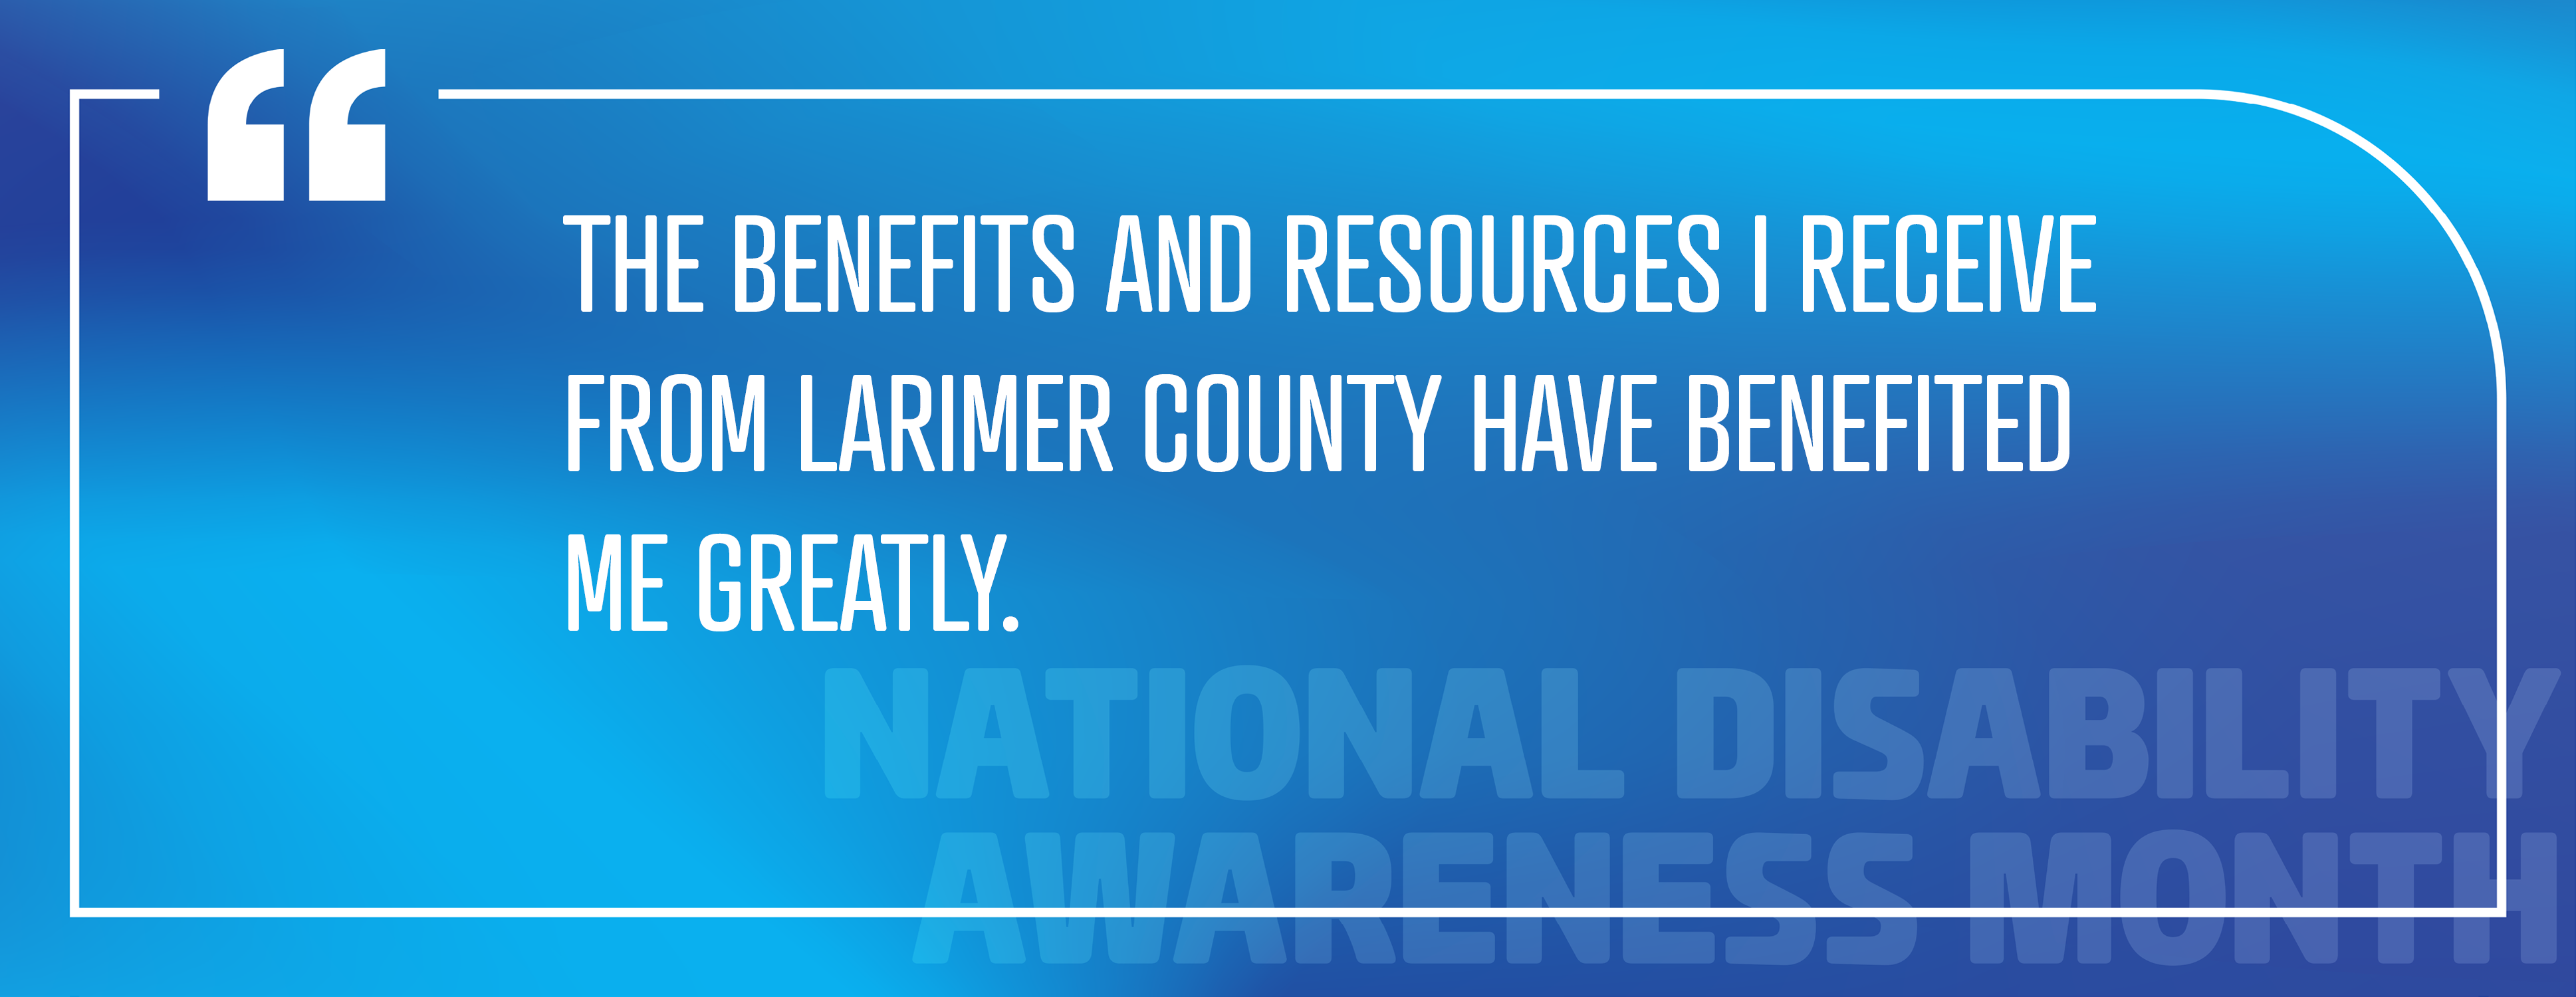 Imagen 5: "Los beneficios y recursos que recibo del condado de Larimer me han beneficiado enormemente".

--

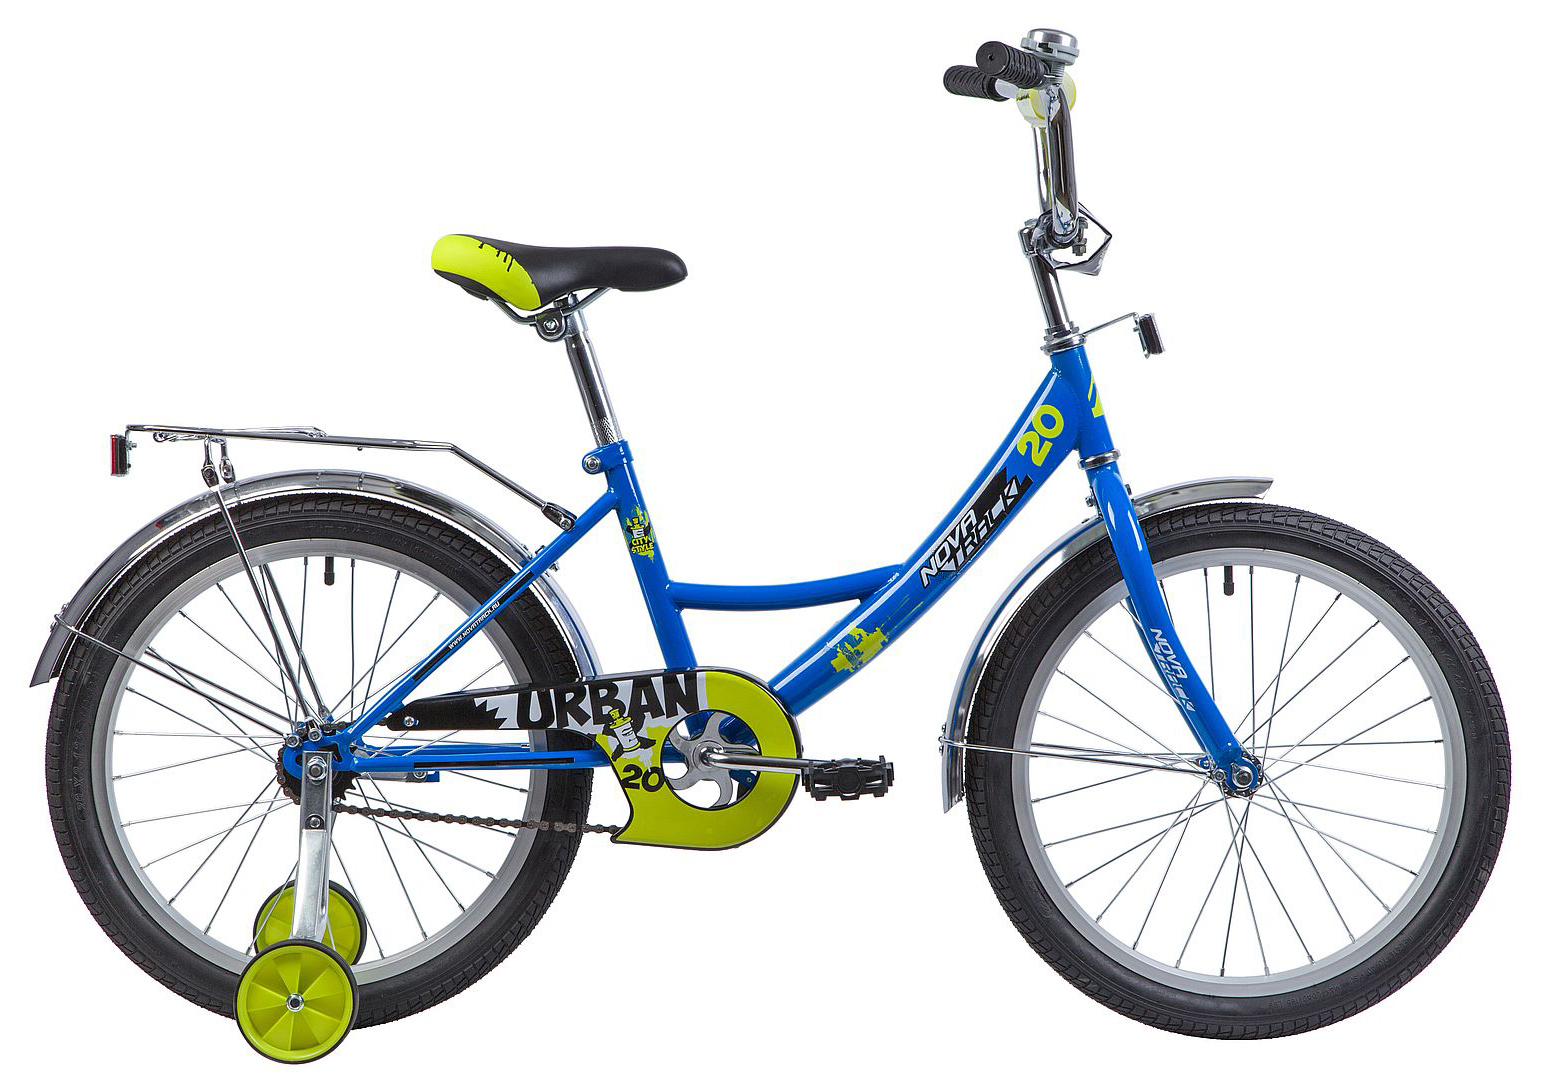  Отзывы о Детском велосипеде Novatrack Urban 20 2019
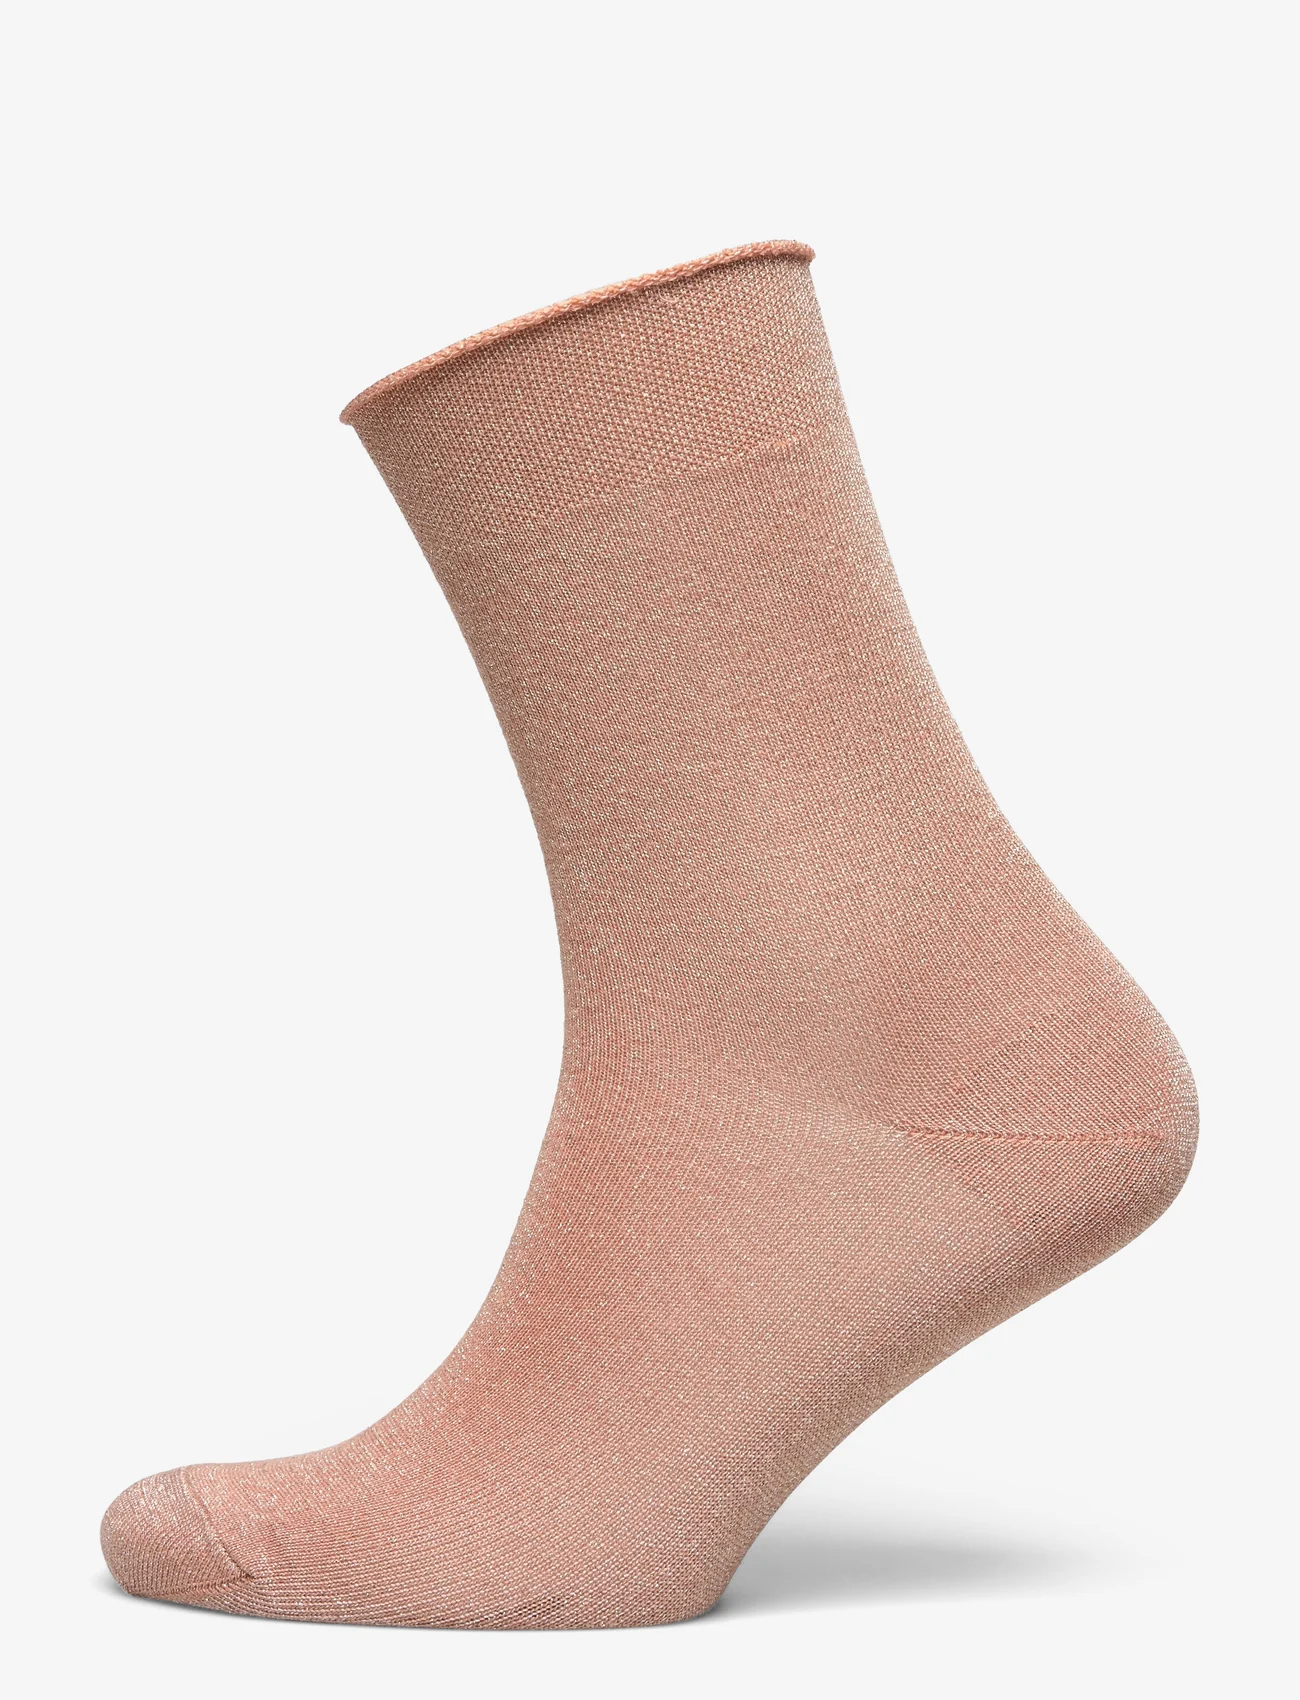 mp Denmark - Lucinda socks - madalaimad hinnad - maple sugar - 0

==

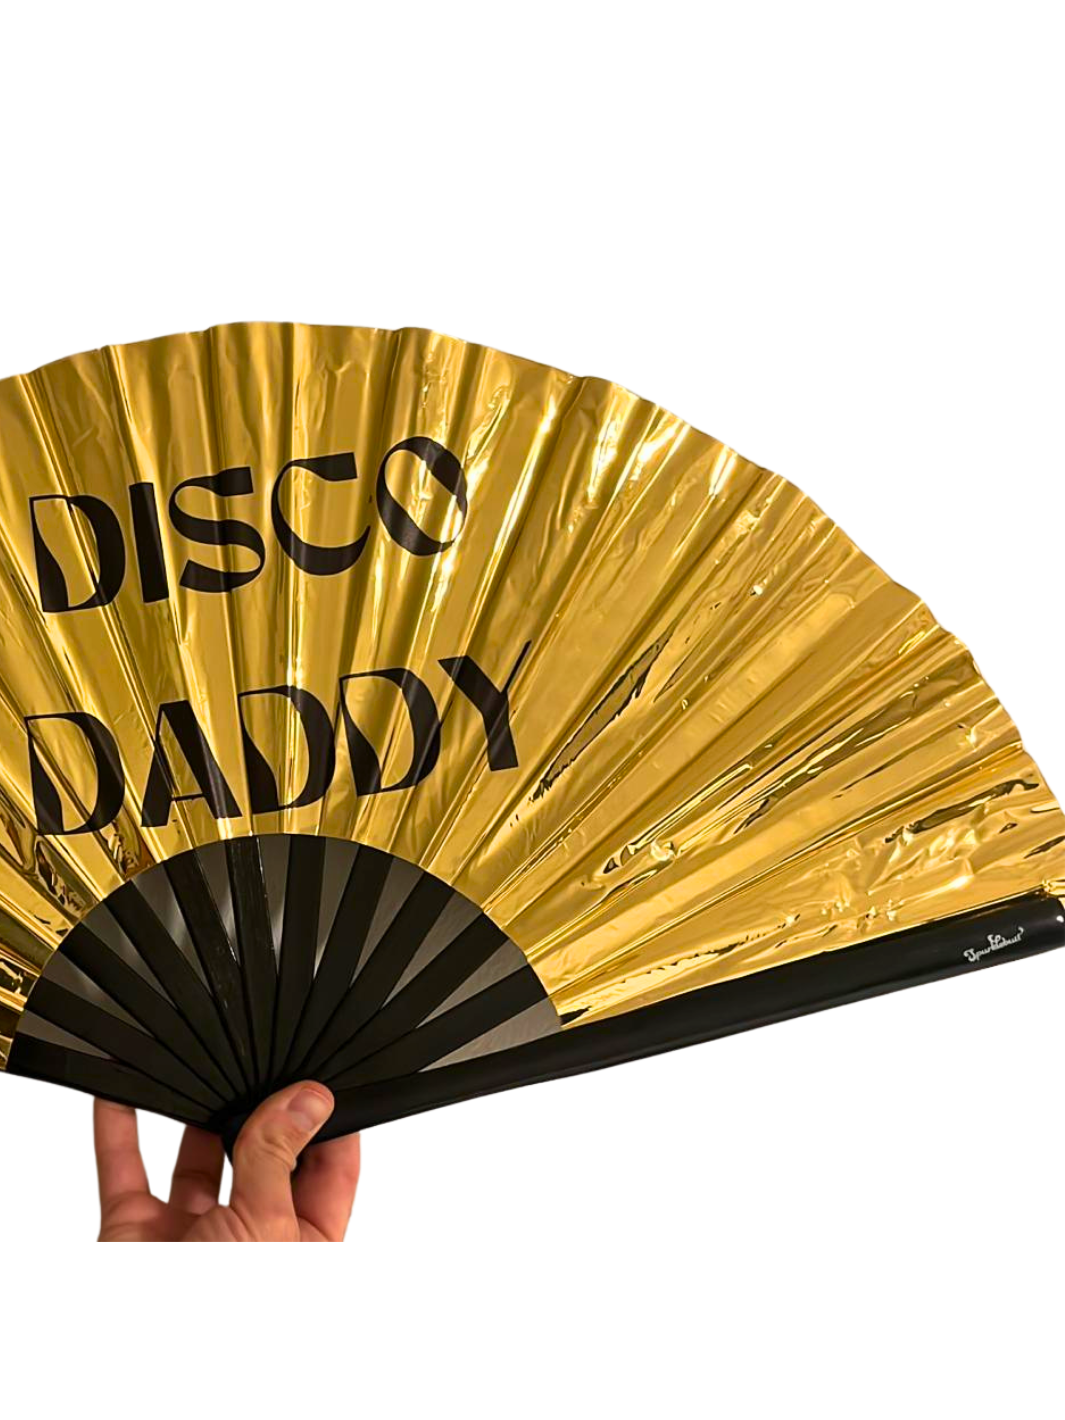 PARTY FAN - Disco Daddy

What you have to do → Only the lines of the listing above from the one with "Отзывы о Детском" through the one with "mp Denmark - Lucinda" should be output, exactly, with both ends kept and pictures left out.

Output below →
  Отзывы о Детском велосипеде Novatrack Urban 20 2019
 mp Denmark - Lucinda socks - madalaimad hinnad - maple sugar - 0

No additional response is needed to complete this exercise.